§ **WHAT TO DO**:
Below are entries; repeat exactly, and nothing else, the lines from the one holding "Udg Ultimate Slingbag" through the one holding "Mid-20th Century Italian", inclusive. Leave the pictures out.

§ **MATERIAL PROVIDED**:

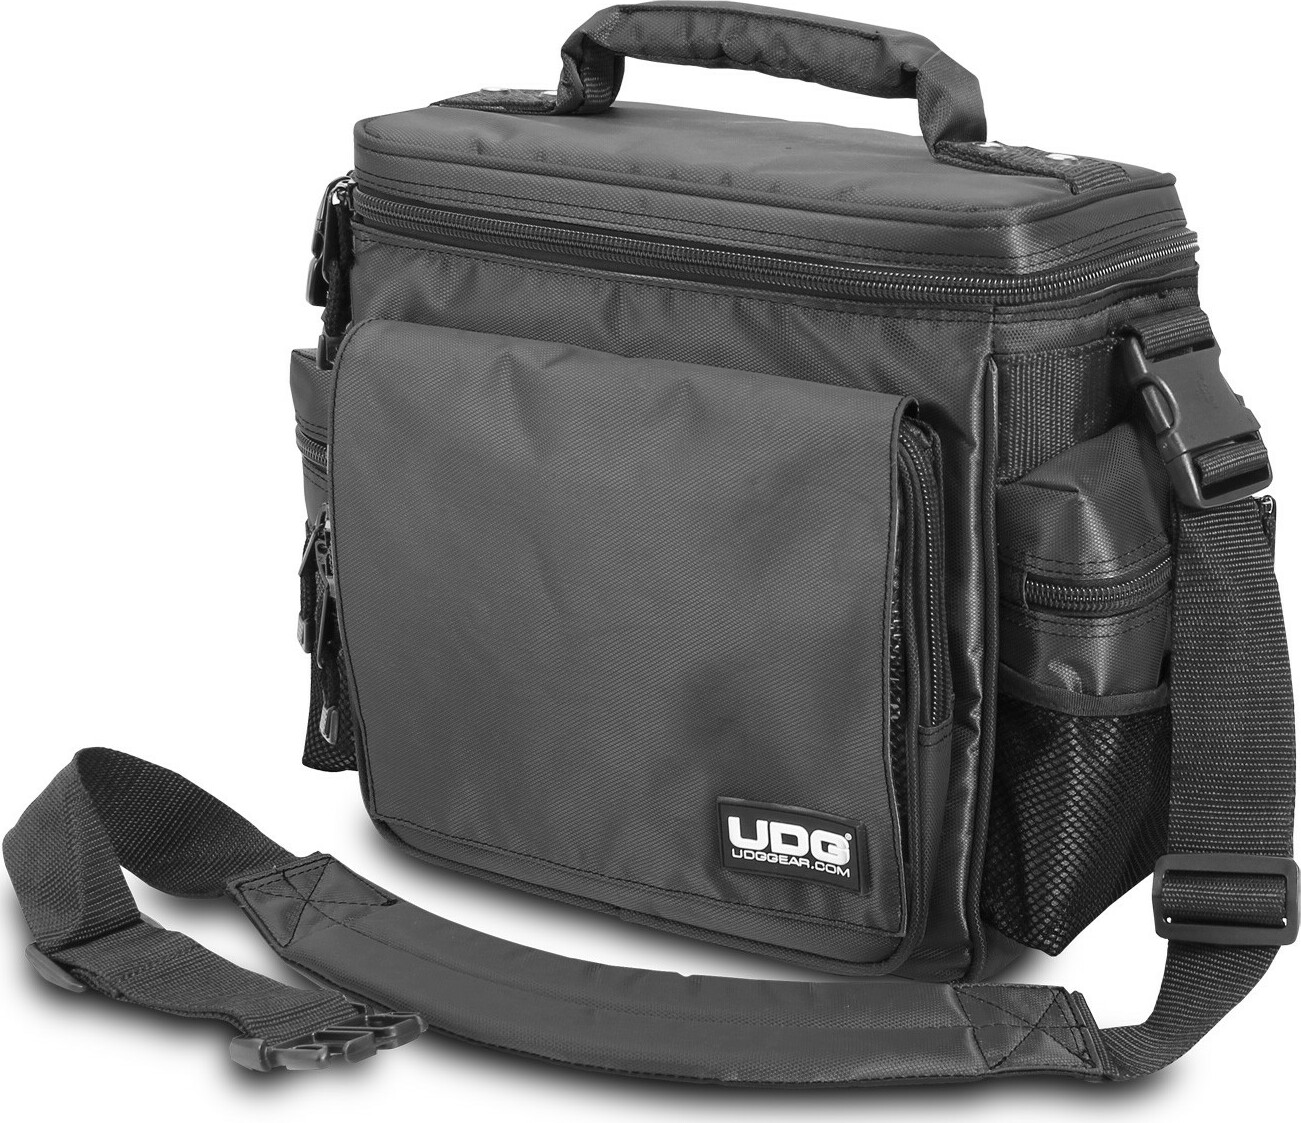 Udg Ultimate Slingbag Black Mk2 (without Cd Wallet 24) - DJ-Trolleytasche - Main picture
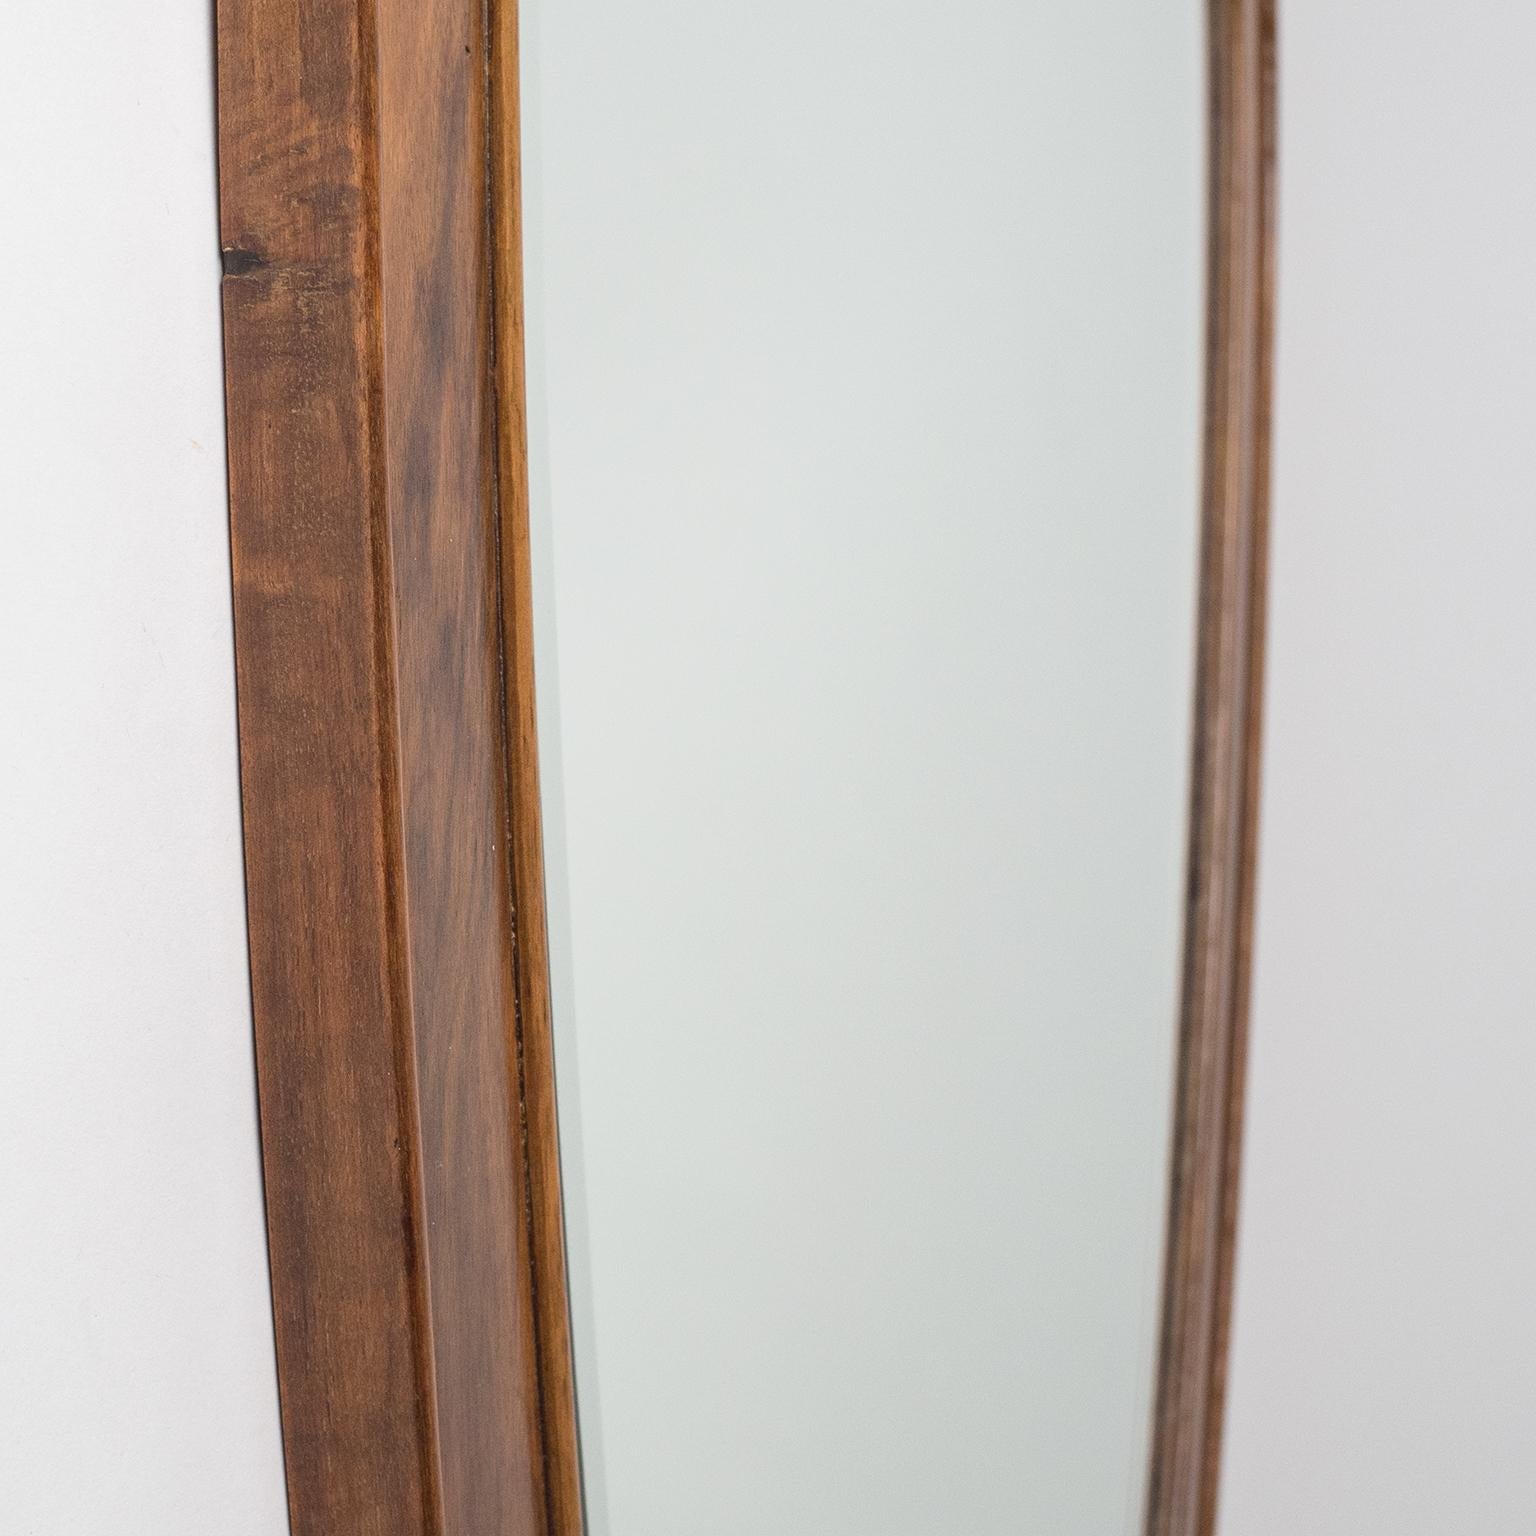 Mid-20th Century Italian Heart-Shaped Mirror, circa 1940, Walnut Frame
==
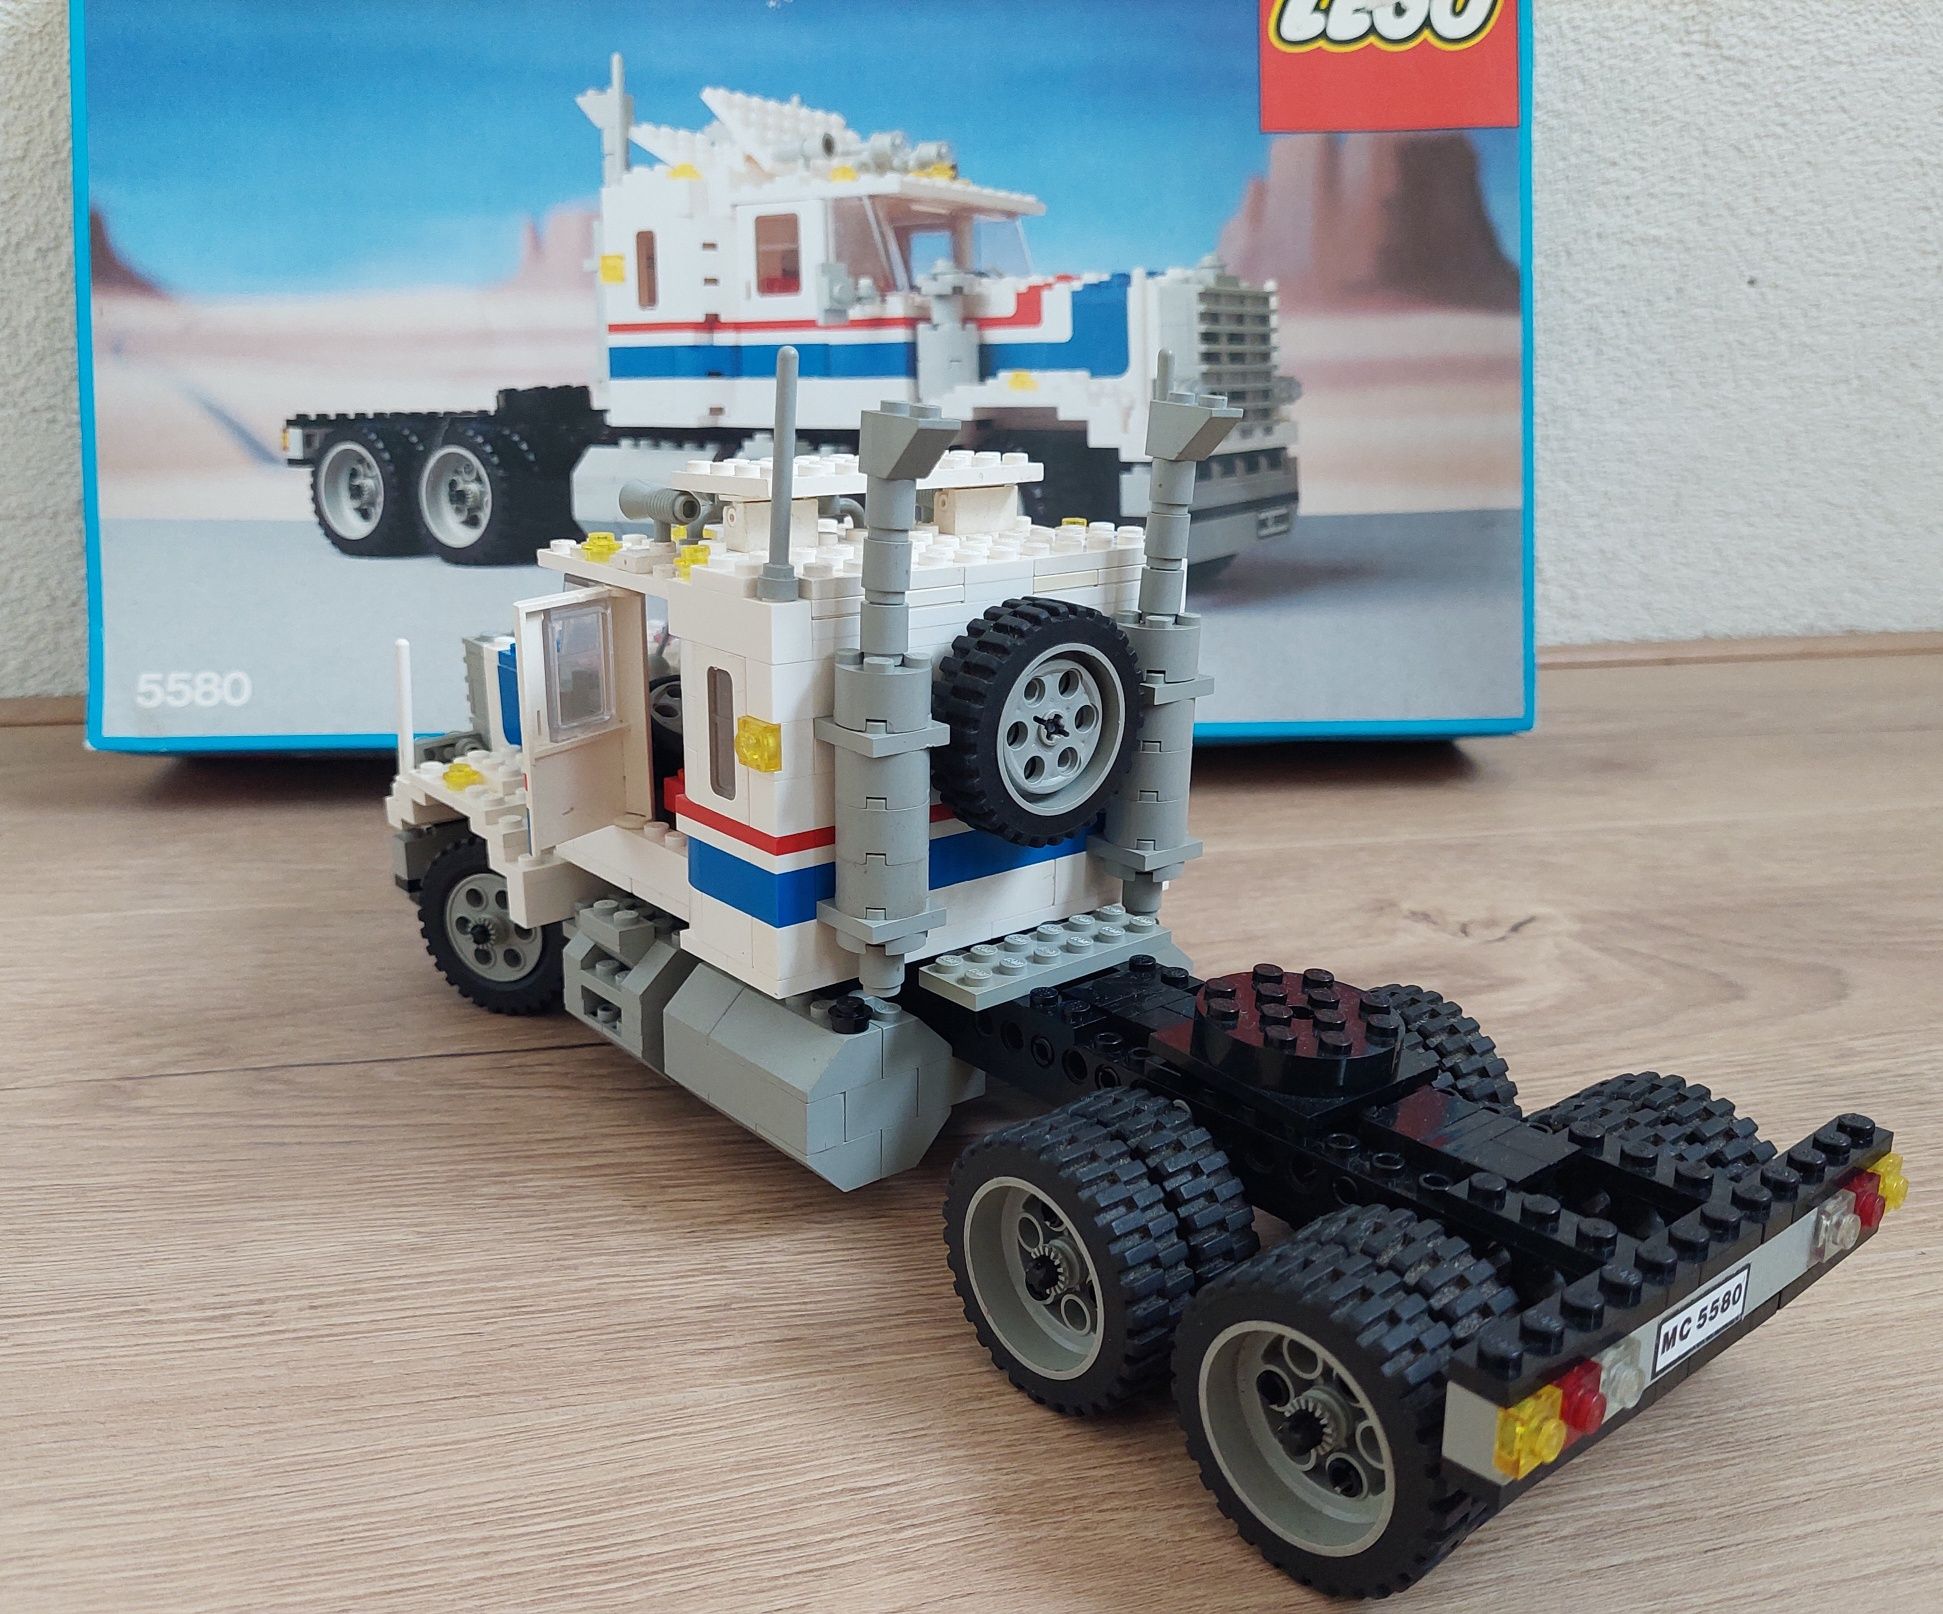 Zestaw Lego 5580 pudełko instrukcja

§ **TASK SOLUTION**:
 Udg Ultimate Slingbag Black Mk2 (without Cd Wallet 24) - DJ-Trolleytasche - Main picture
 Mid-20th Century Italian Heart-Shaped Mirror, circa 1940, Walnut Frame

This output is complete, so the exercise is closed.